Because of the importance of Godel’s proof, in 1958 Ernest Nagel and James Newman published Godel’s Proof, a book that attempts to outline the steps of the proof and its conclusions in plain English.  While not exactly an easy read, it is a great book that has been in continuous print and had a revised edition published in 2001.

In chapter V, starting on page 45, they present an outline of a proof that an axiomatic system called “predicate logic” is consistent.  After presenting four axioms and two transformation rules, they state: “It happens that ‘p -> (~p -> q)’ is a theorem in this calculus (We shall accept this as a fact, without exhibiting the derivation.)”  They then use this statement in a proof that occupies the following 6 pages in the chapter and 5 pages on the Appendix.  Because this statement is pivotal to the discussion, I really wanted to prove it to myself.  As it turns out, it wasn’t trivial (and there was an important fact missing from the book’s text).  The following is the proof:

Definitions:

The following are “functions”: the letters ‘p’, ‘q’, ‘r’, and so on; and if the strings “S” and “T” are functions, then so are “~(S)”, “(S U T)”, and “(S -> T)”.

It is important to note that for the purposes of the proof, “functions”, “axioms”, and “theorems” can be considered pure strings with no underlying meaning, except that extra parentheses can be removed.  This leads to a great quote: “This is the point of Russell’s epigram: pure mathematics is the subject
in which we do not know what we are talking about, or whether what we are
saying is true.”

The following strings are “axioms” (the “axioms” are also “theorems”):
Axiom 1: (p U p) -> p
Axiom 2: p -> (p U q)
Axiom 3: (p U q) -> (q U p)
Axiom 4: (p -> q) -> ((r U p) -> (r U q))
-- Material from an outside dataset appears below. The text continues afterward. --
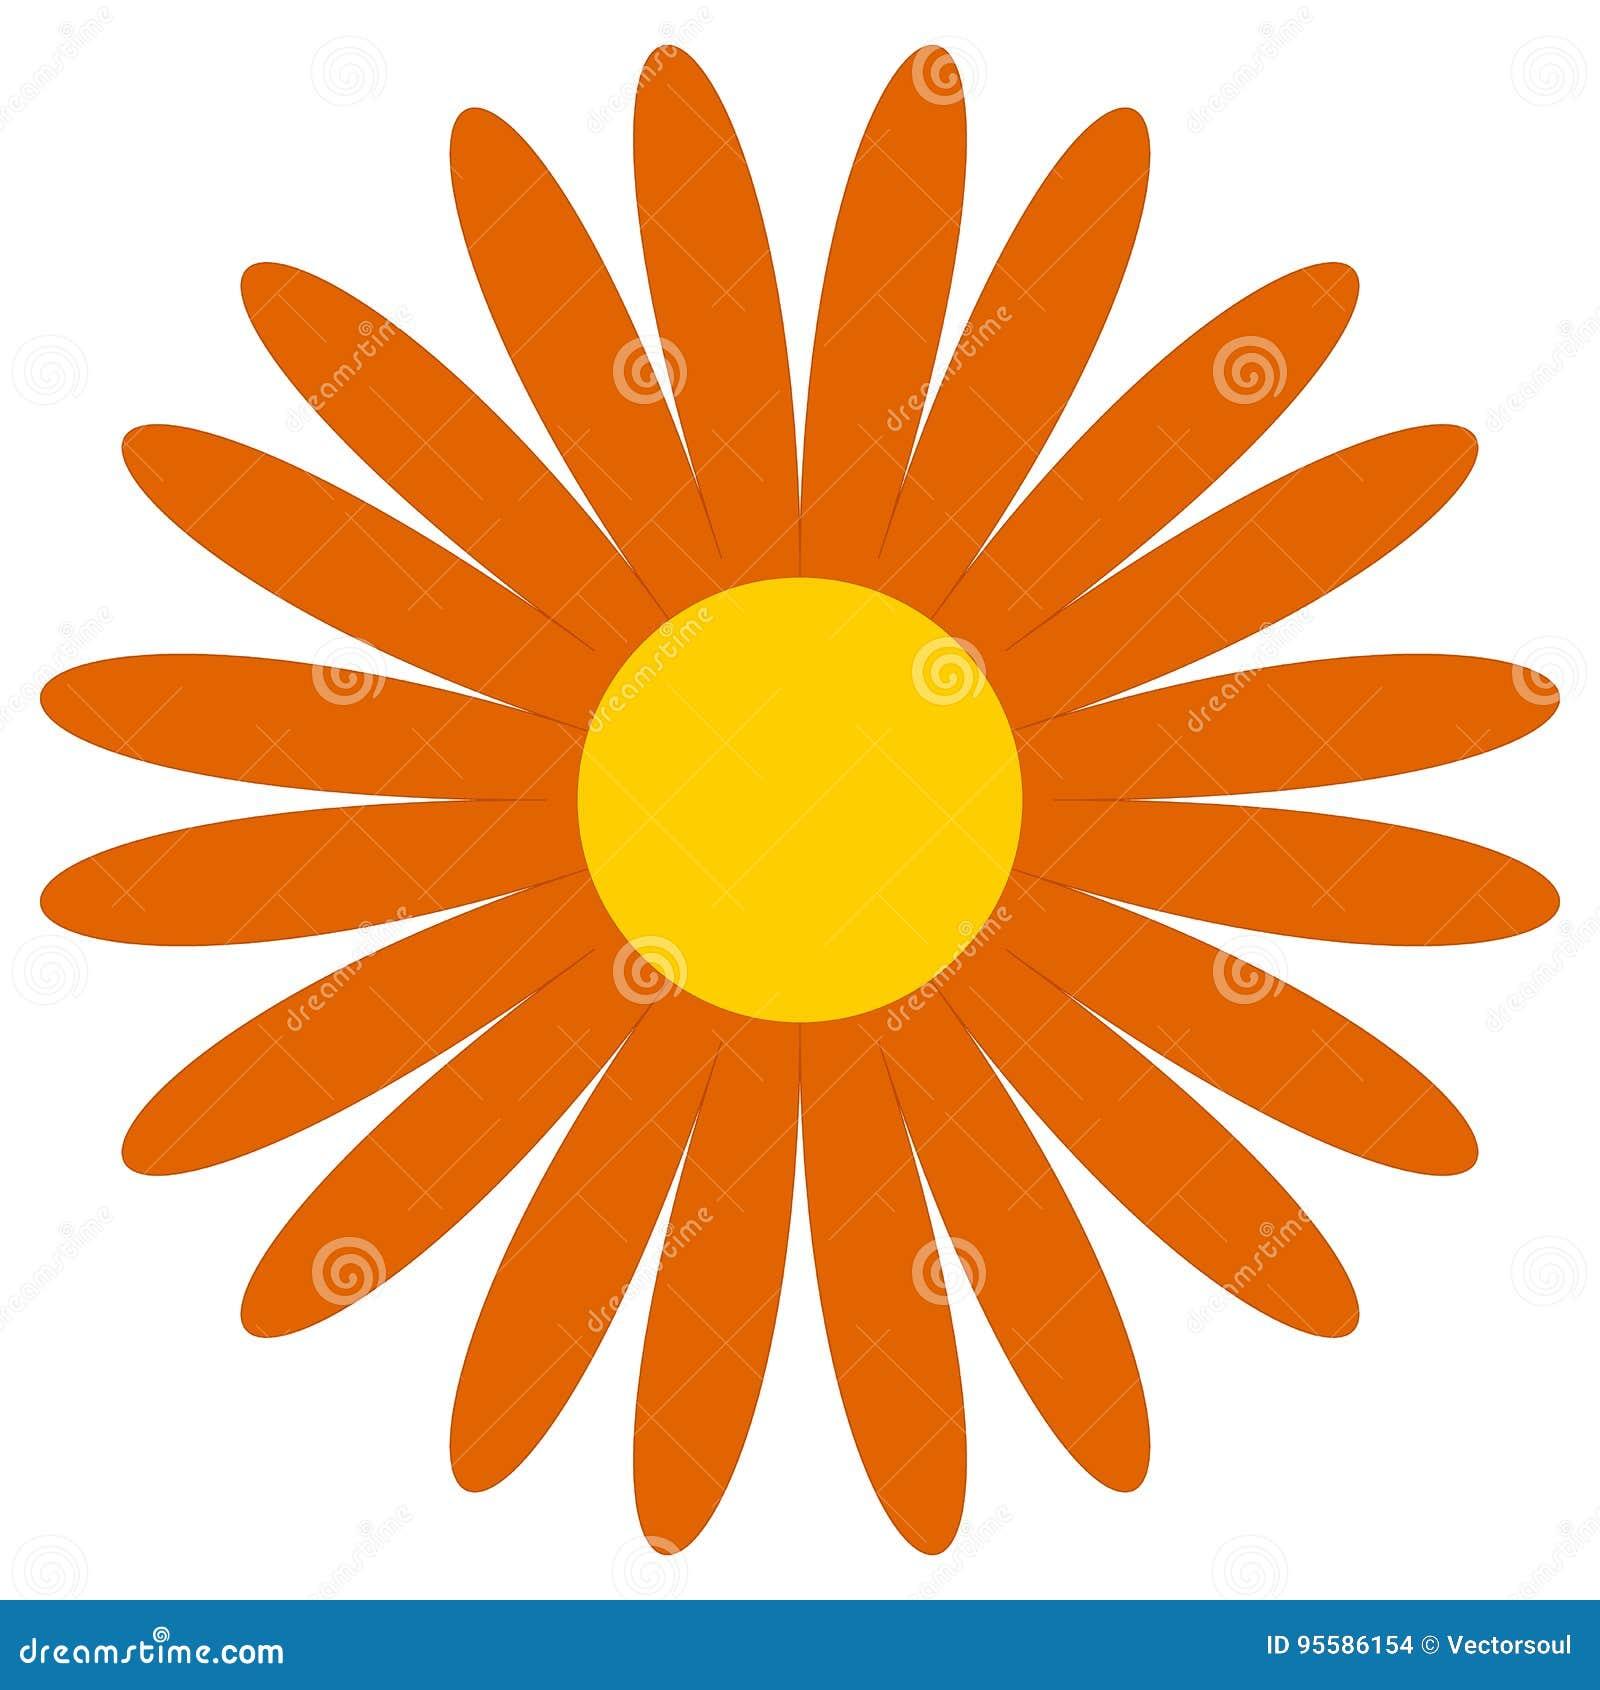 Agrafe Art Classique De Fleur Marguerite Orange Simple Icone De
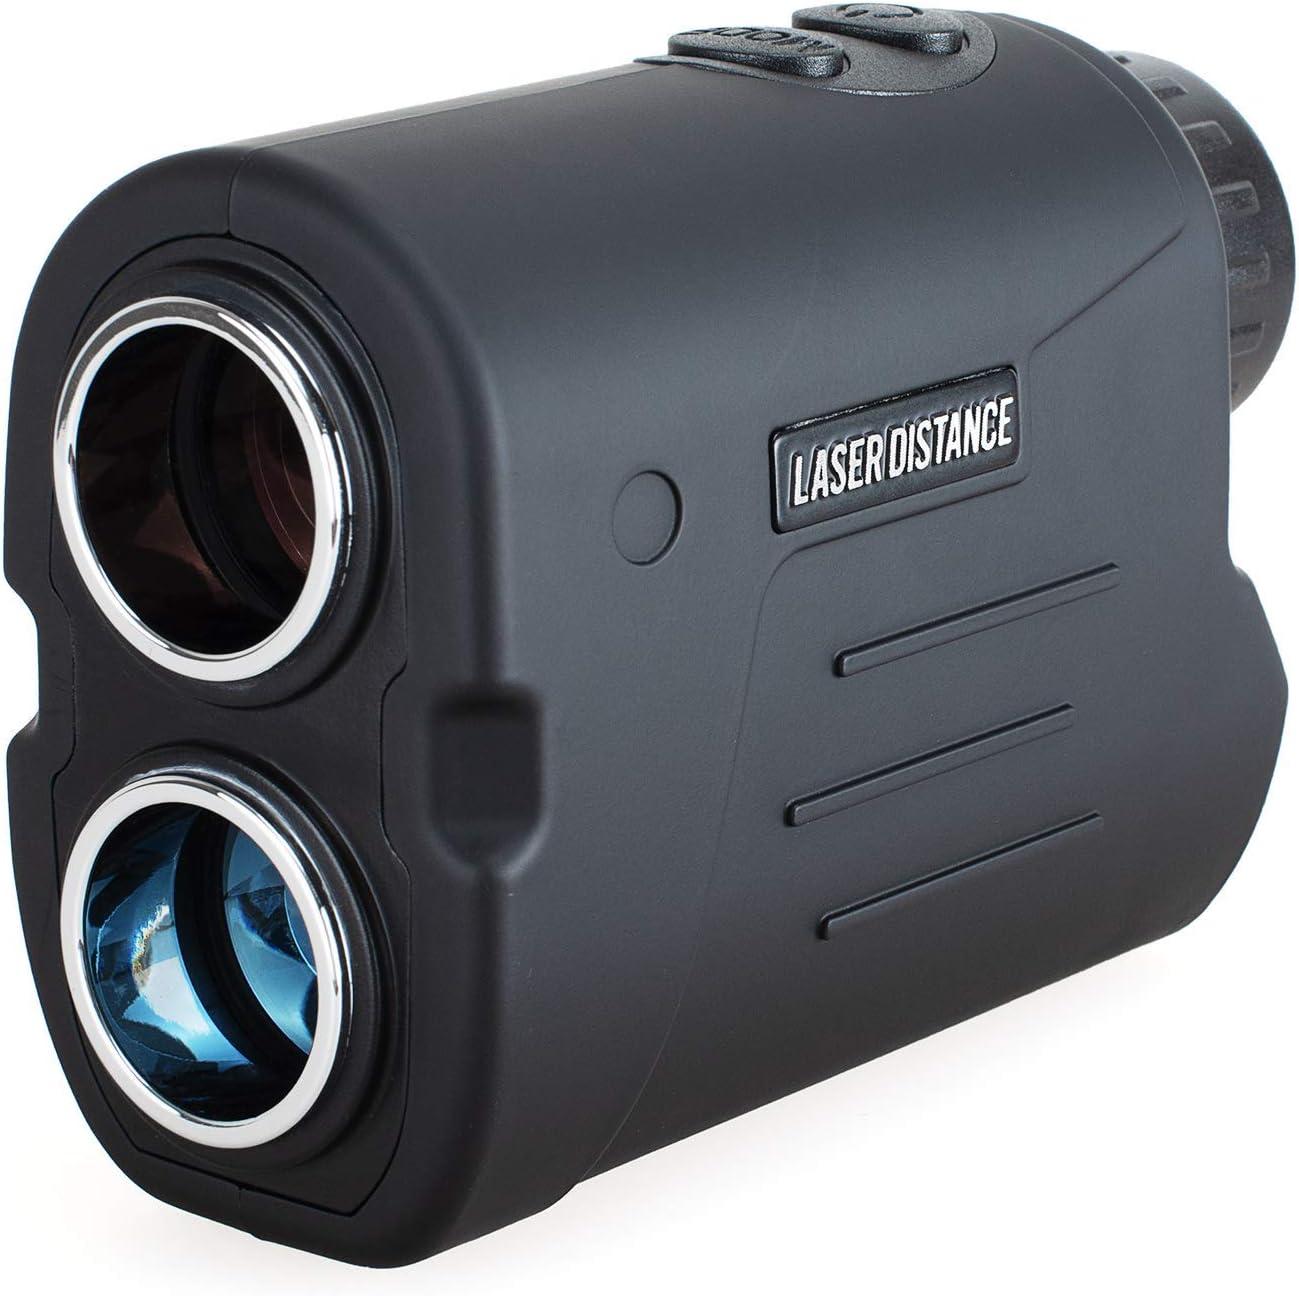 Gogogo Sport Laser Golf//Hunting Rangefinder Renewed 6X Magnification Clear View 650//900 Yards Laser Range Finder Accurate Scan Slope Function Pin-Seeker /& Flag-Lock /& Vibration Easy-to-Use Range Finder

We also have two “transformation rules” for making new “theorems”.
Substitution: You can form a new “theorem” by taking a known “theorem” and consistently substituting its variables with other functions.  For example, Axiom 2 can become a new theorem (~a -> (~a U (b -> c))) by substituting “p” with “~a” and “q” with “(b -> c)”.
Modus Ponens: If “A” is a “theorem” and “(A -> B)” is a “theorem”, then “B” is a “theorem”.

As it turns out, in order to prove “p -> (~p -> q)”, you need one more rule that isn’t stated in the book:
Definition of “->”: “(A -> B)” is identical to “(~A U B)”.  So you can do string replacement in either direction.
This definition can be shown to preserve the property of “Tautology” since they have identical truth matrices (please see the appendix).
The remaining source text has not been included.